- WHAT THE EXERCISE ASKS -
Under this line are the records; repeat exactly the lines starting at the one containing "Green pepper plantation" and ending at the one containing "Virginia Aquarium’s North", omitting pictures.

- INPUT MATERIAL -
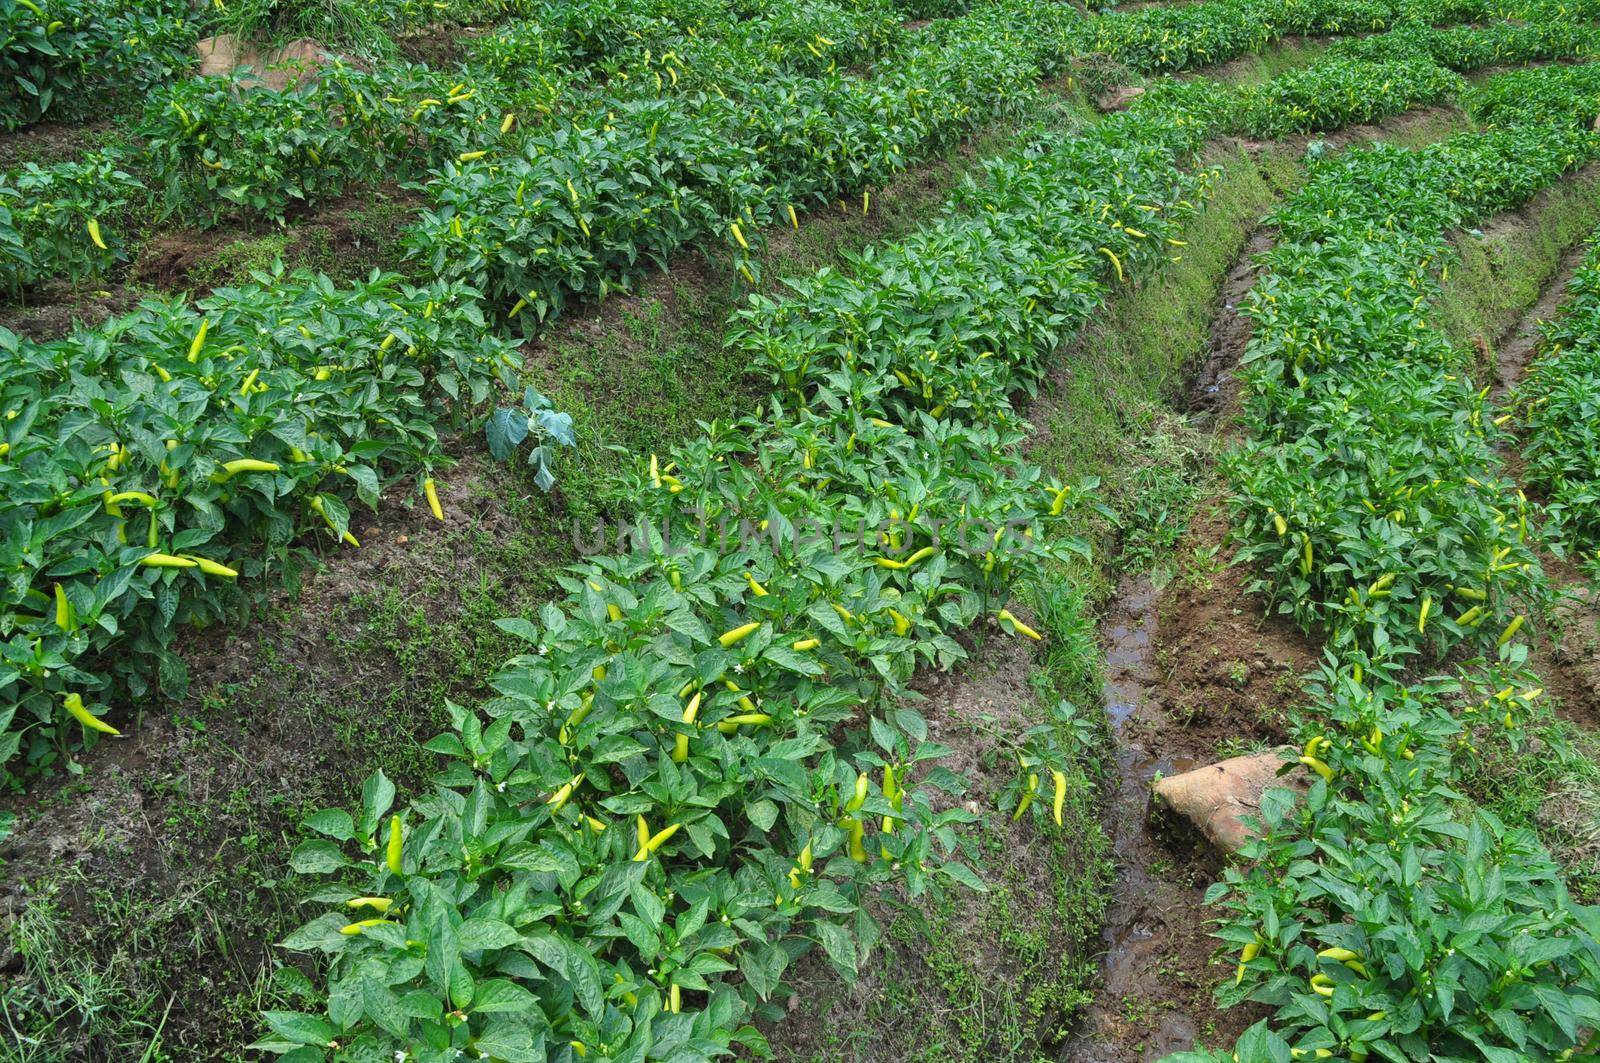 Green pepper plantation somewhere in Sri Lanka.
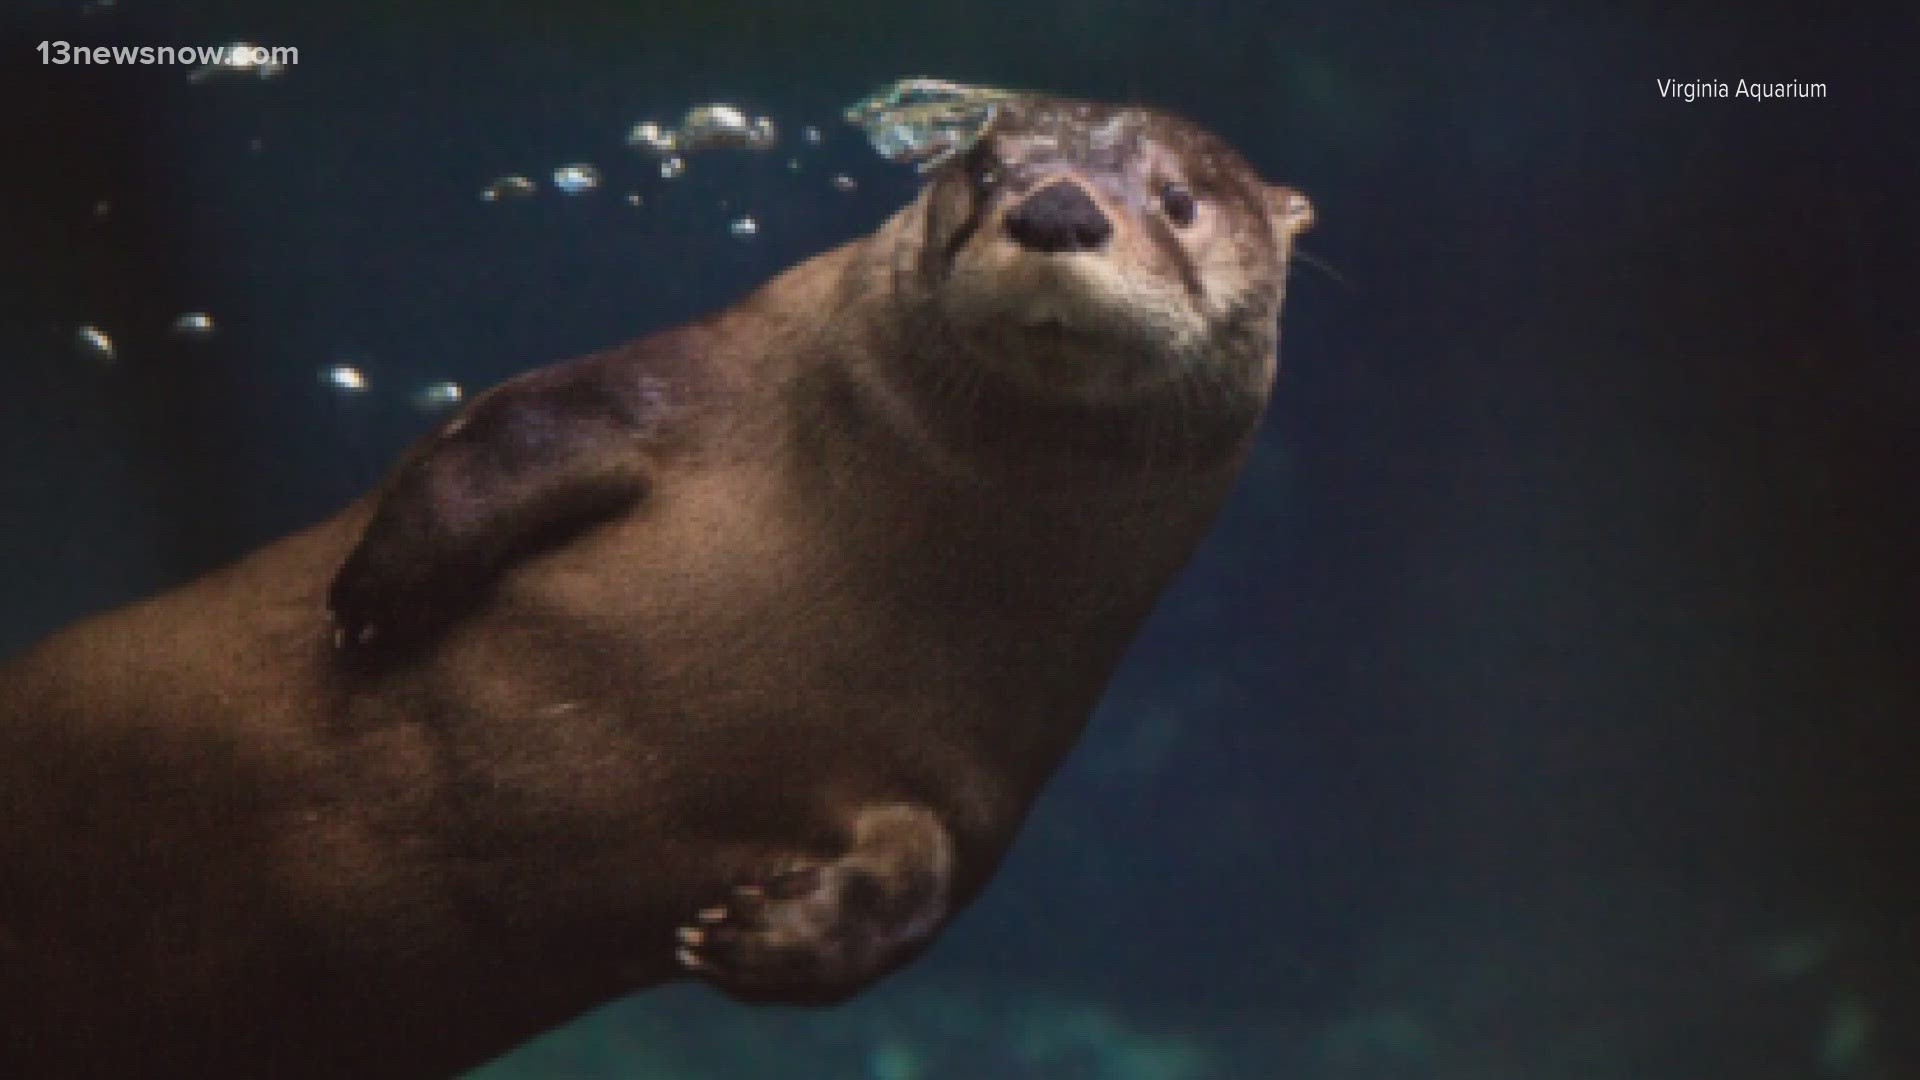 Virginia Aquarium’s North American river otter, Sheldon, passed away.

==

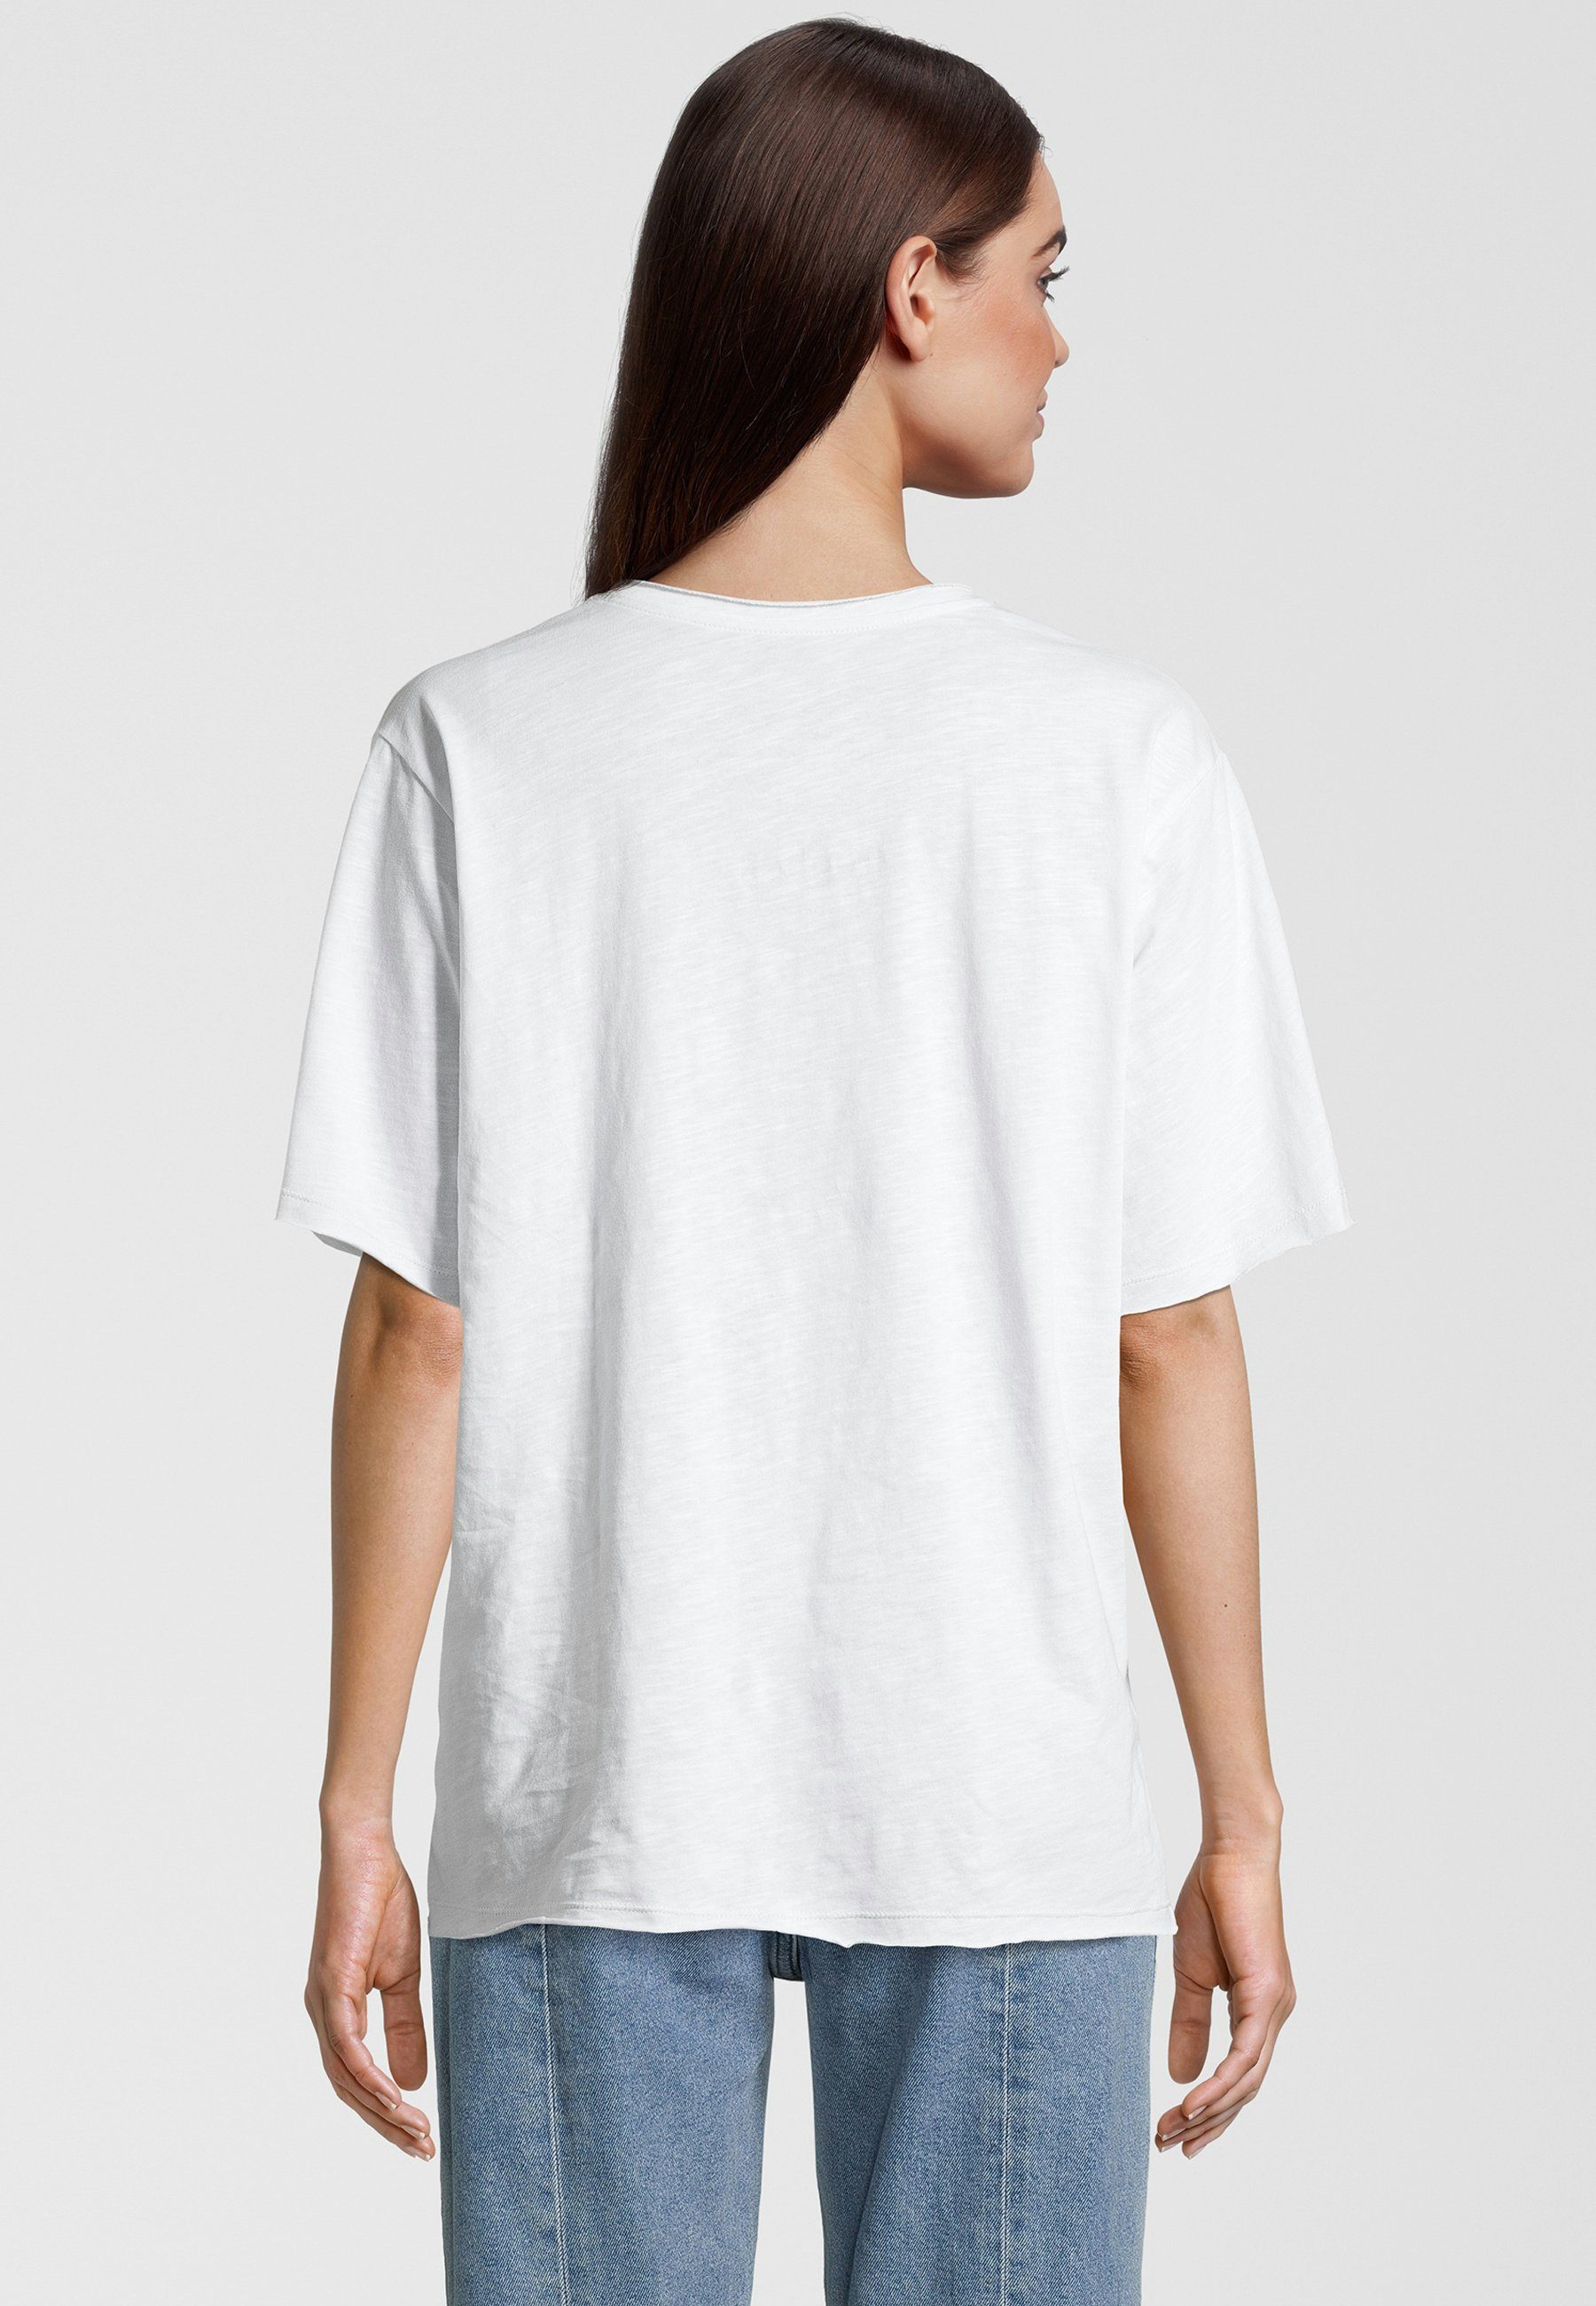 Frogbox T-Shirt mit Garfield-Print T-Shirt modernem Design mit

--

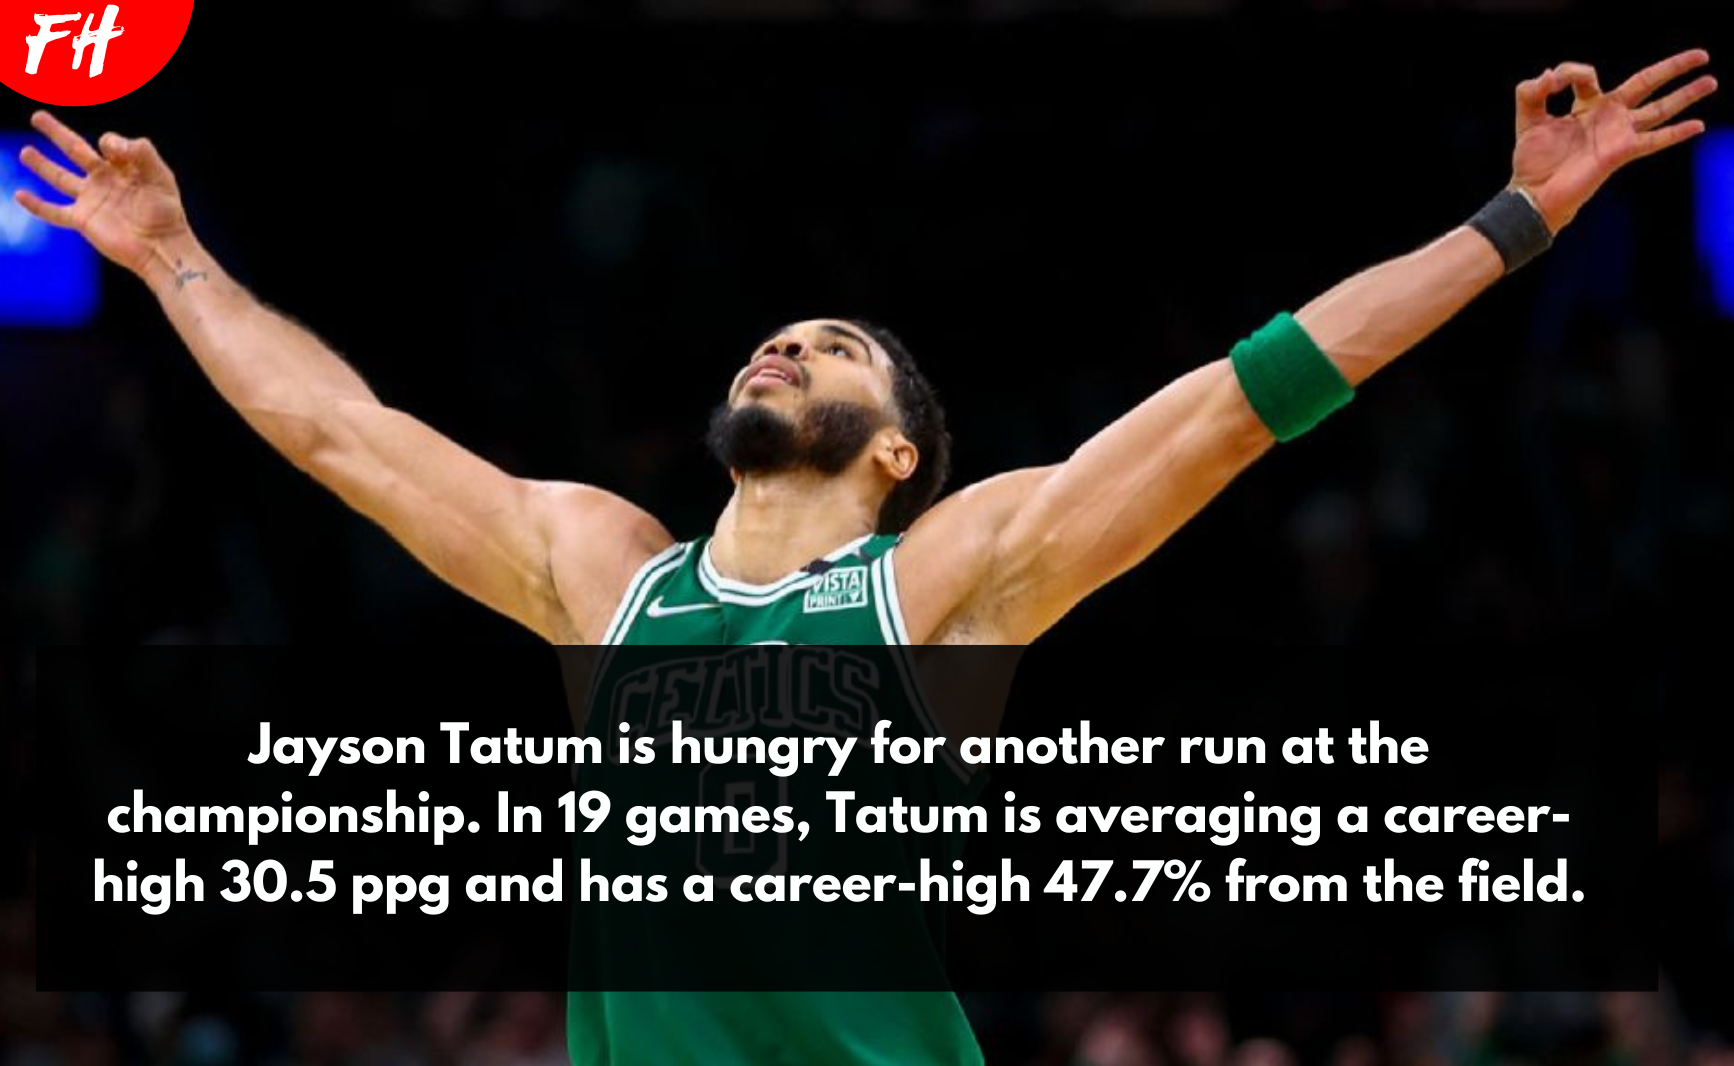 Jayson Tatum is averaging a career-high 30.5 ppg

- YOUR RESPONSE -
 Green pepper plantation somewhere in Sri Lanka.
 Virginia Aquarium’s North American river otter, Sheldon, passed away.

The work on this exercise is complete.